When is it okay to represent a client accused of discrimination?

The National Football League has enlisted former U.S. Attorney General Loretta Lynch to defend it in the class action race discrimination suit filed by former Miami Dolphins head coach Brian Flores. I wrote about Flores’ case here. It strikes me as weak, at least as to his individual claim.

Lynch is a partner at Paul Weiss, the prestigious New York law firm. Paul Weiss frequently represents the NFL in lawsuits, including the high profile concussion litigation.

It’s not unusual in a major race discrimination case for the defense team to include a big-name African-American partner. Lynch will take on that role in this case.

There’s irony it, though. Civil rights group routinely bash Republican presidential nominees for representing employers accused of race and/or gender discrimination. My friend Eric Dreiband received this treatment when President Trump nominated him to be an Assistant Attorney General.

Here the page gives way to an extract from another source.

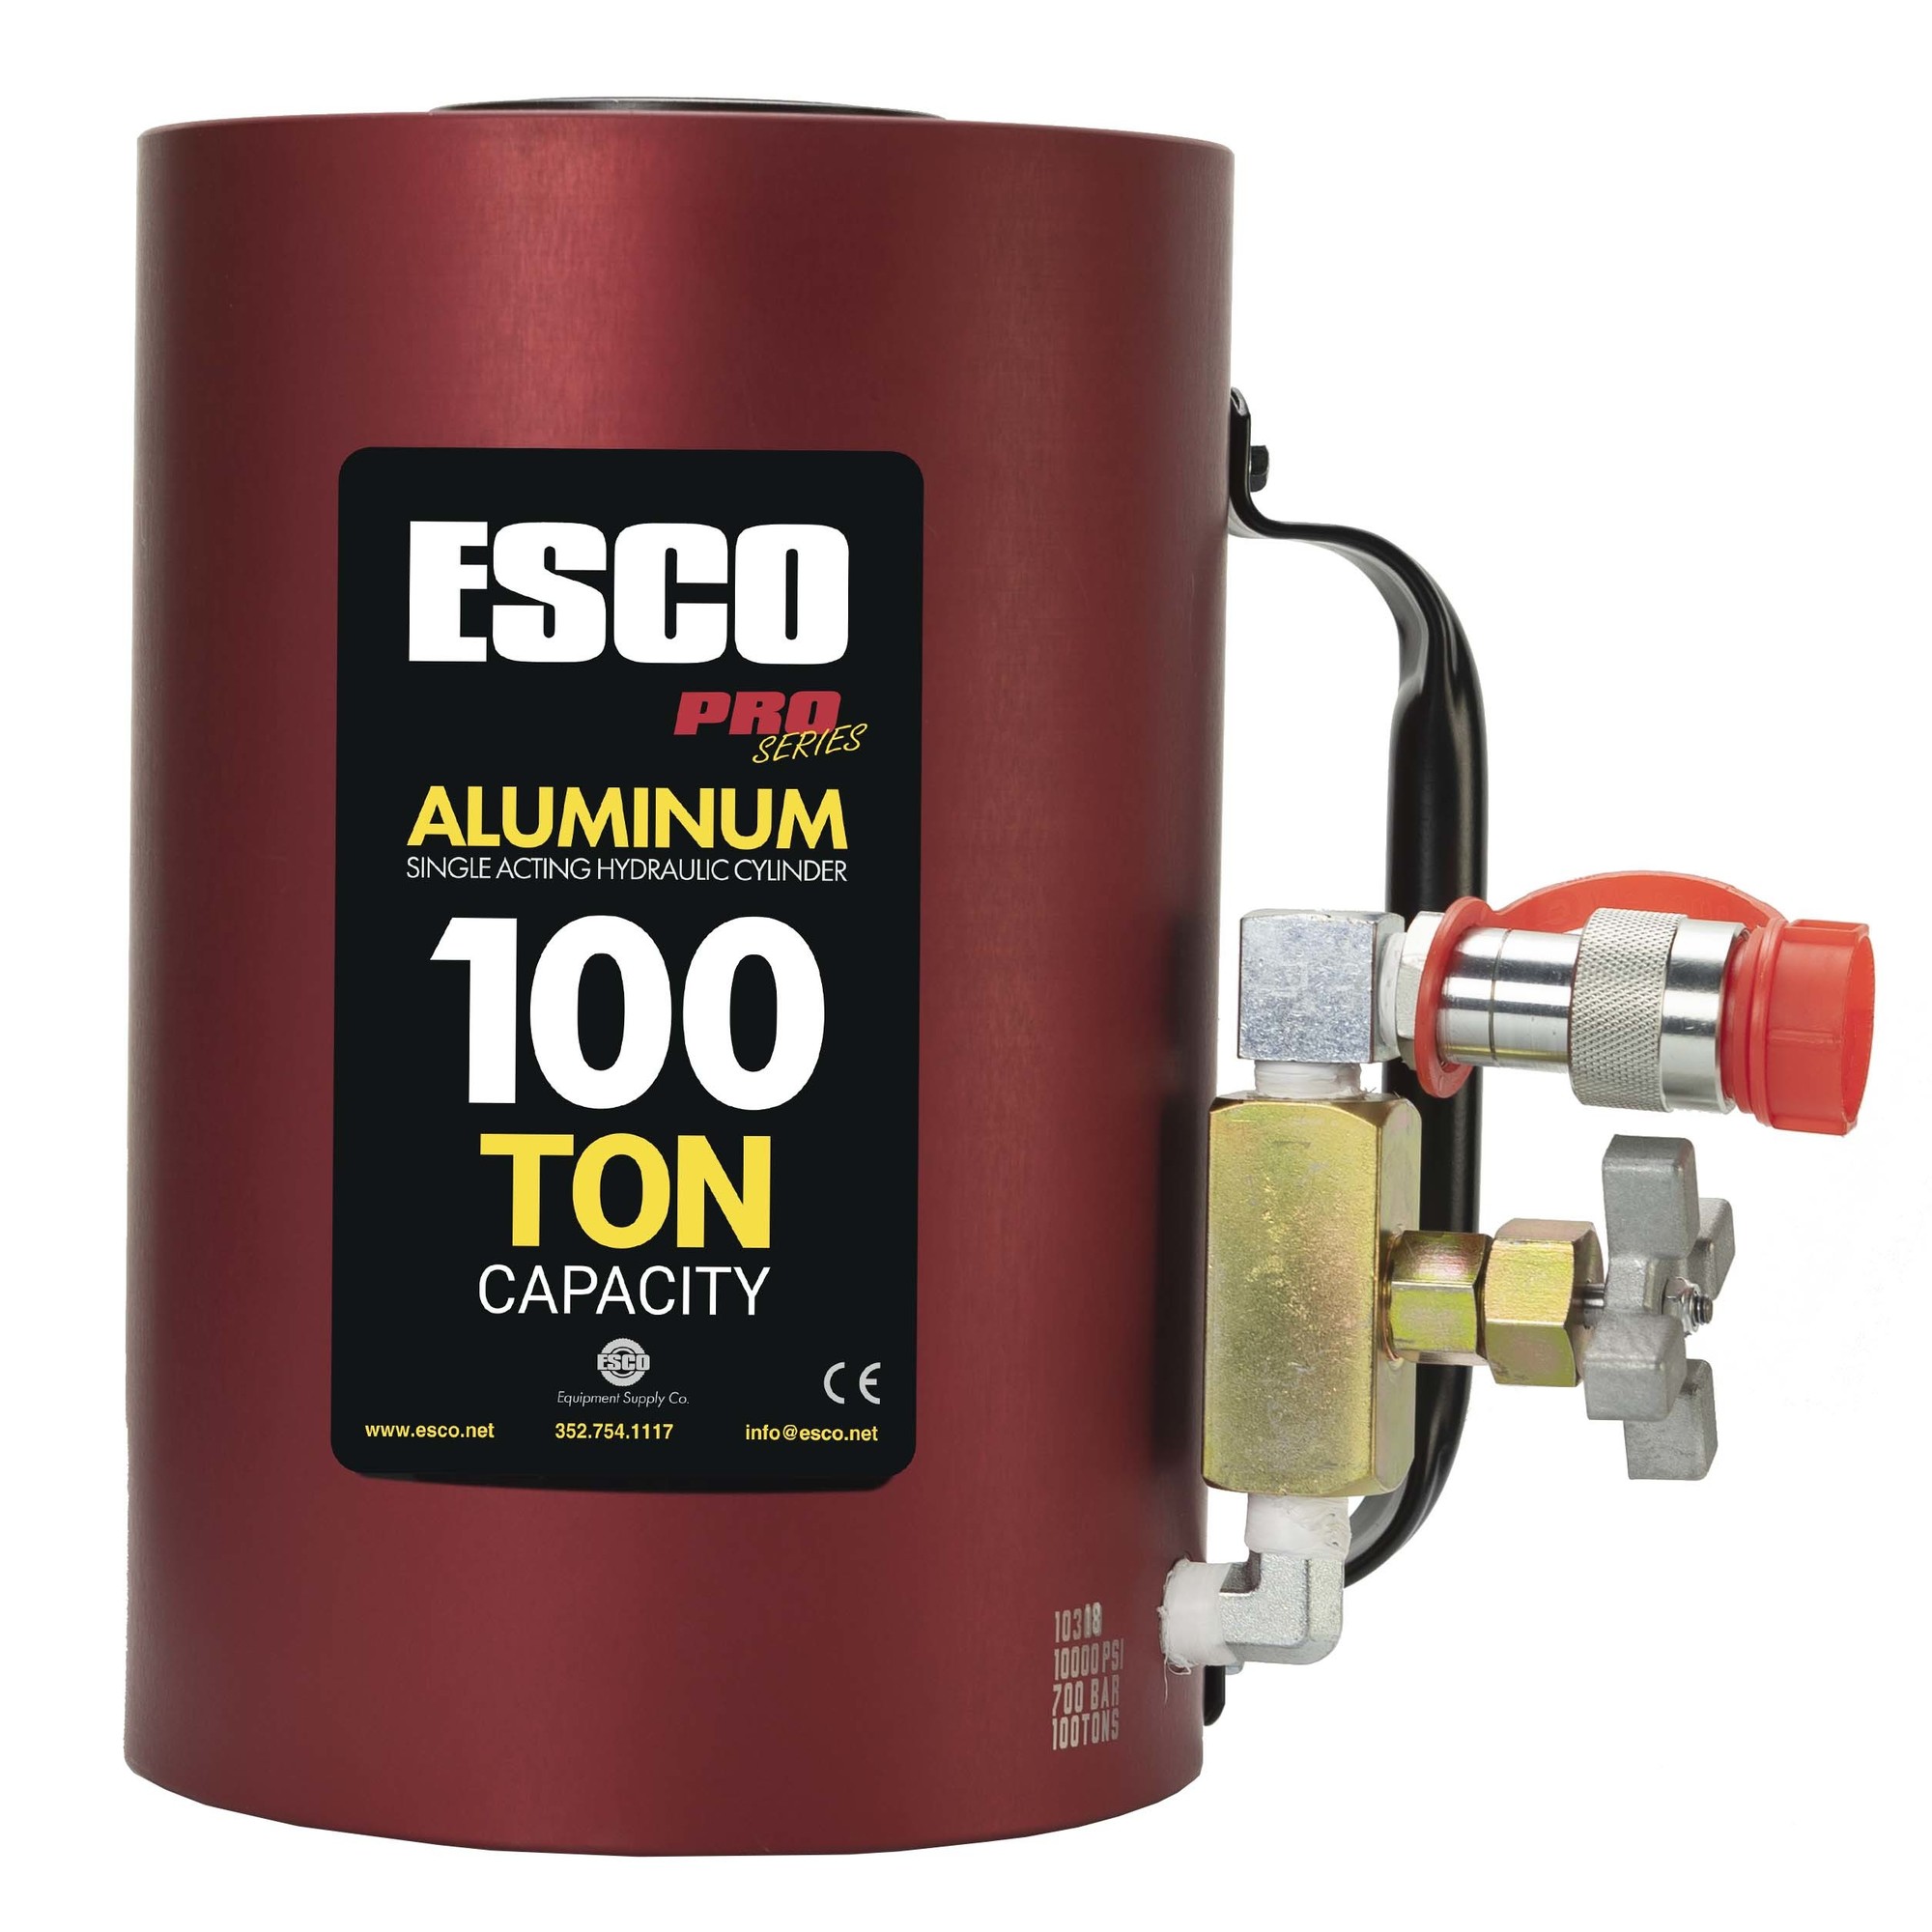 ESCO, 100 Ton Aluminum Jack, Lift Capacity 100 Tons, Model 10318

Now, the rot seems to have spread to potential Democrat nominees. The major stated objection to Judge J. Michelle Childs, who is under consideration for the Supreme Court, is that she once was part of a labor and employment law practice that defends employers.

The trick, I guess, is to secure that high-level government or judicial post and then, once this itch is scratched and the credential established, move on to a big law firm. At that point, you can give a well-deserved finger to left-wing idiots who object to your client list.